-- Task data --
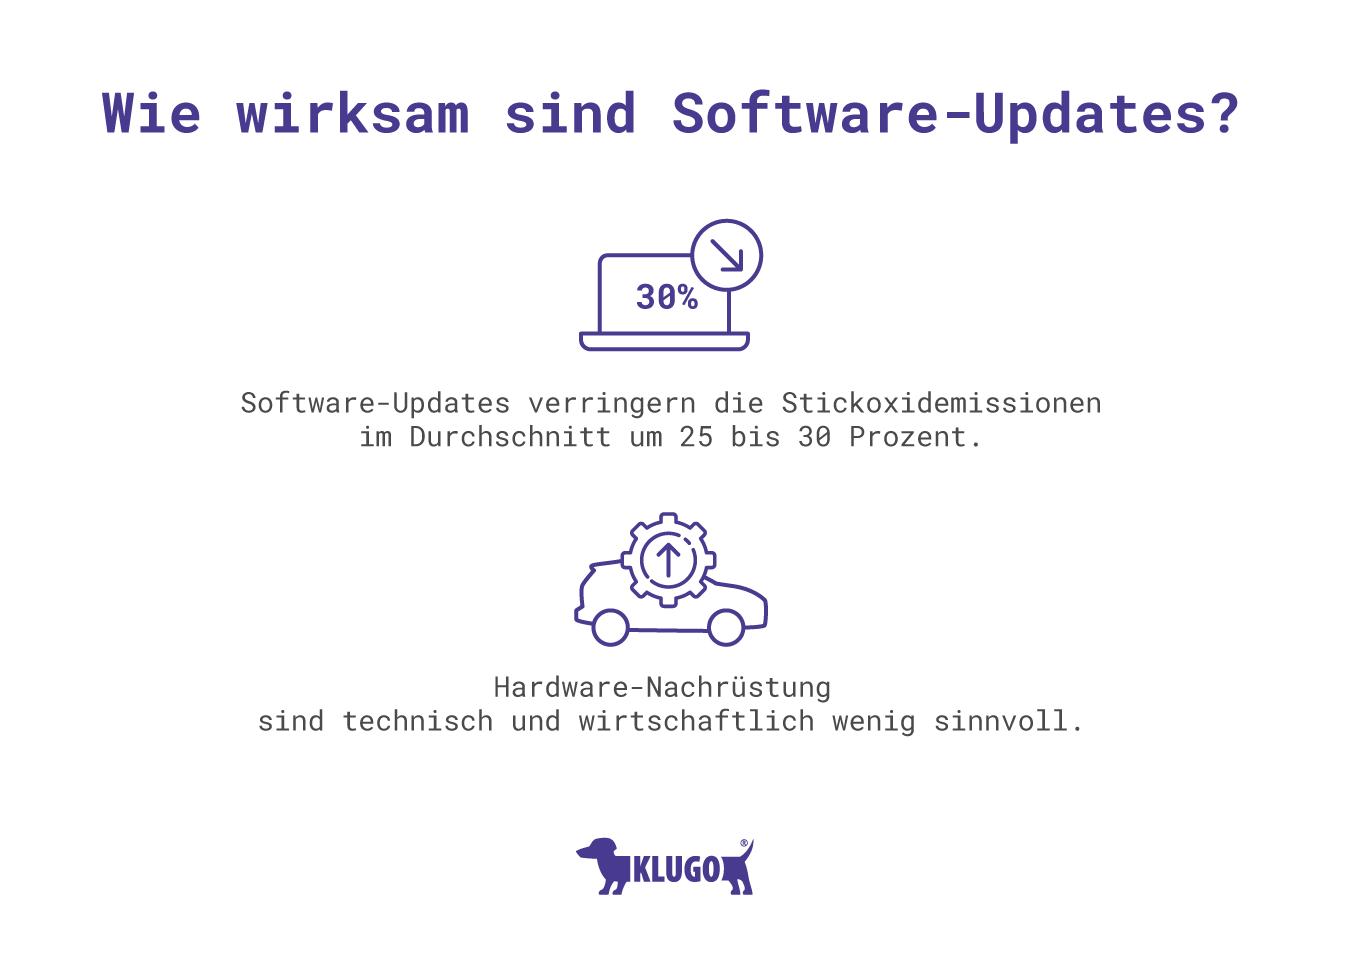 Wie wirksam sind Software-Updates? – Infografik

==

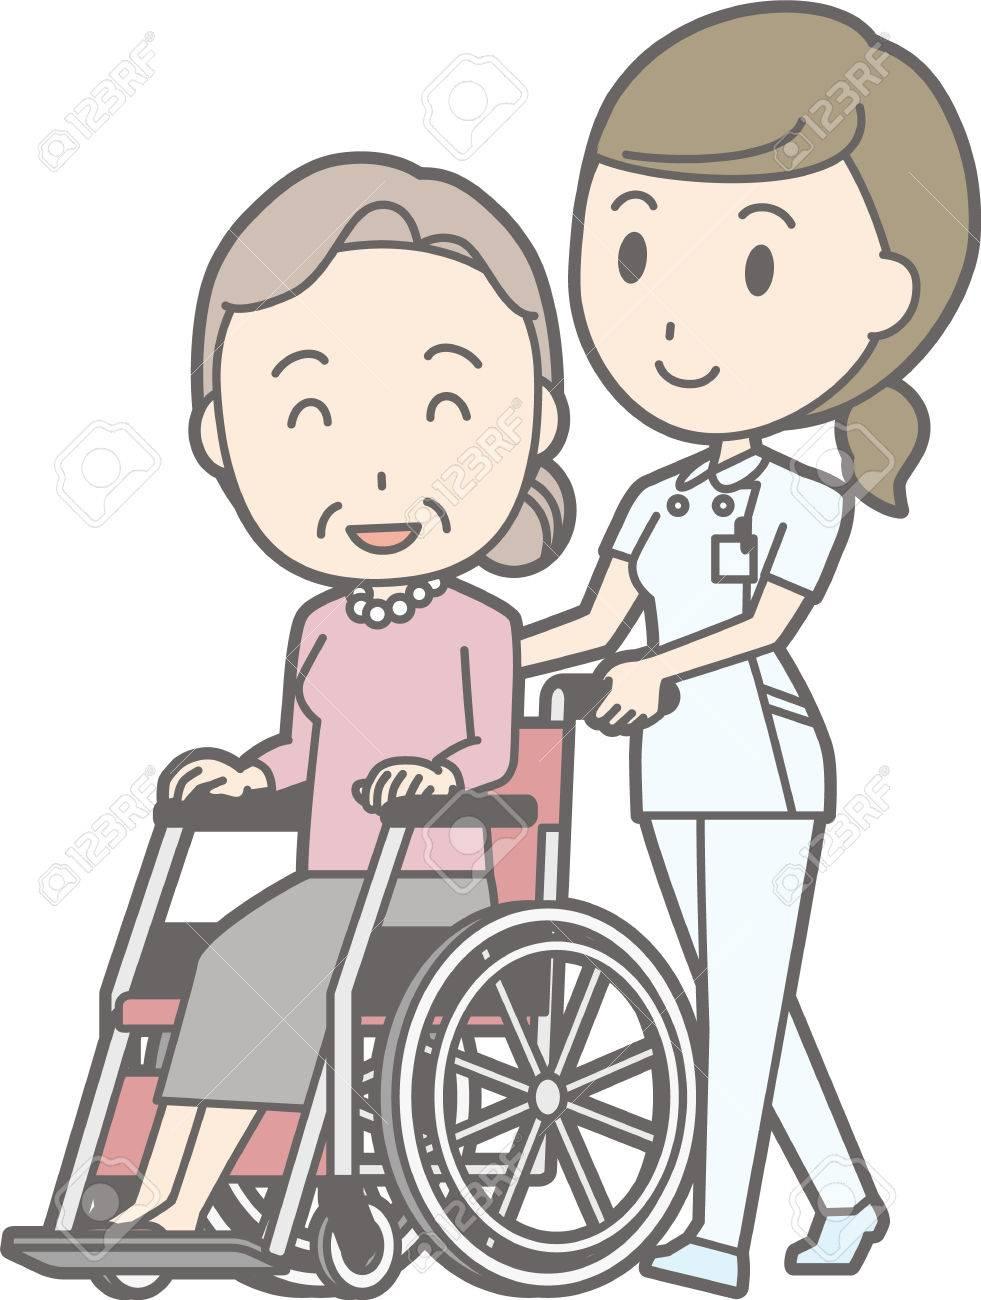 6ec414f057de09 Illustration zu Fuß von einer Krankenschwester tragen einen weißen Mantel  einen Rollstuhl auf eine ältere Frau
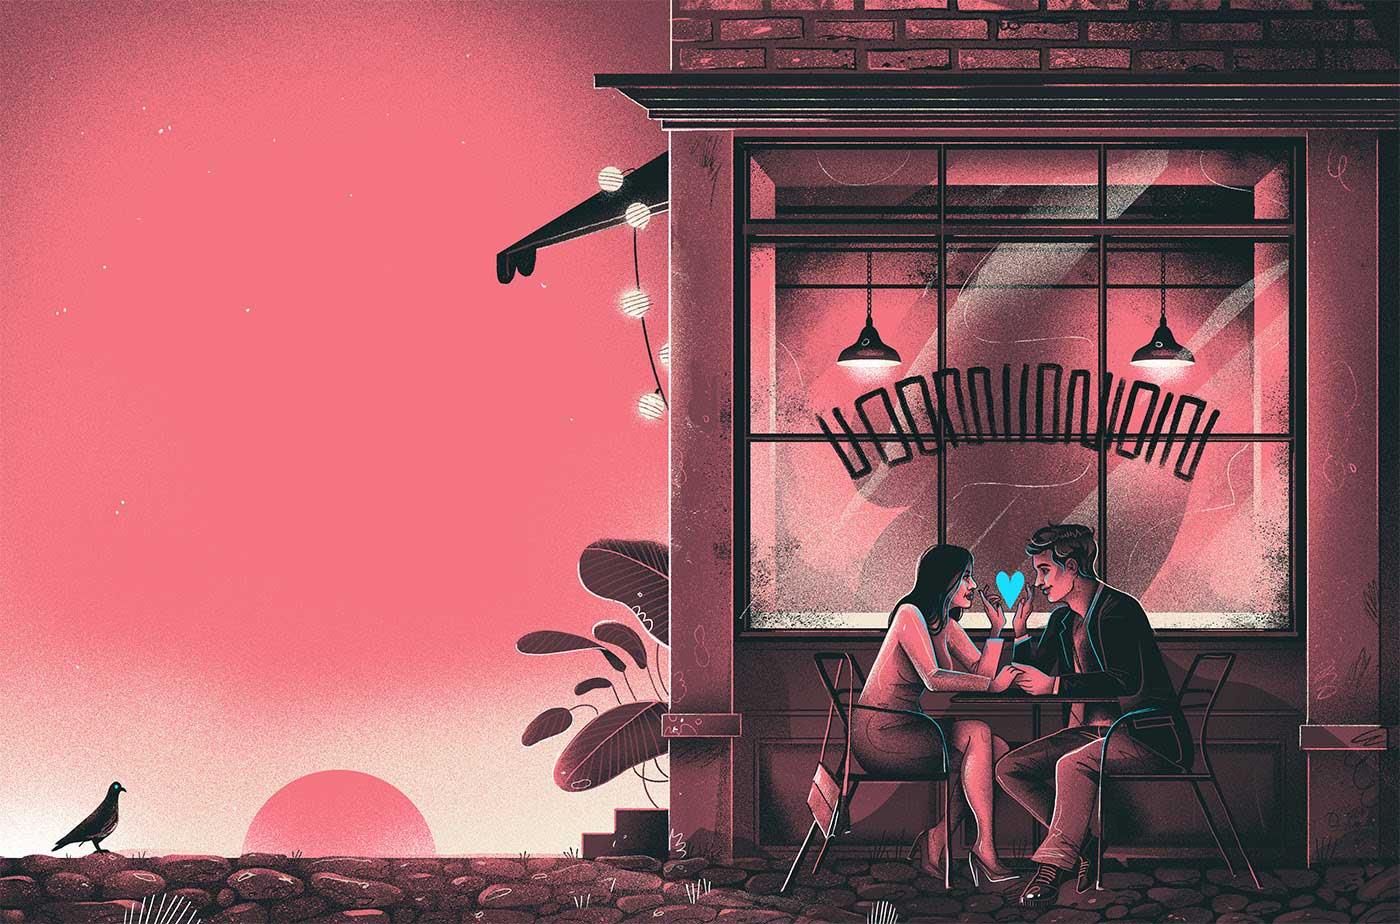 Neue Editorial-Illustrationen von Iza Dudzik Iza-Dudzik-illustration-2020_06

-- Directions for this task --
Using the entries above, extract exactly the lines from the one that contains "6ec414f057de09 Illustration zu" through the one that contains "Neue Editorial-Illustrationen von". Do not carry over any pictures.

-- Answer box --
 6ec414f057de09 Illustration zu Fuß von einer Krankenschwester tragen einen weißen Mantel  einen Rollstuhl auf eine ältere Frau
 Neue Editorial-Illustrationen von Iza Dudzik Iza-Dudzik-illustration-2020_06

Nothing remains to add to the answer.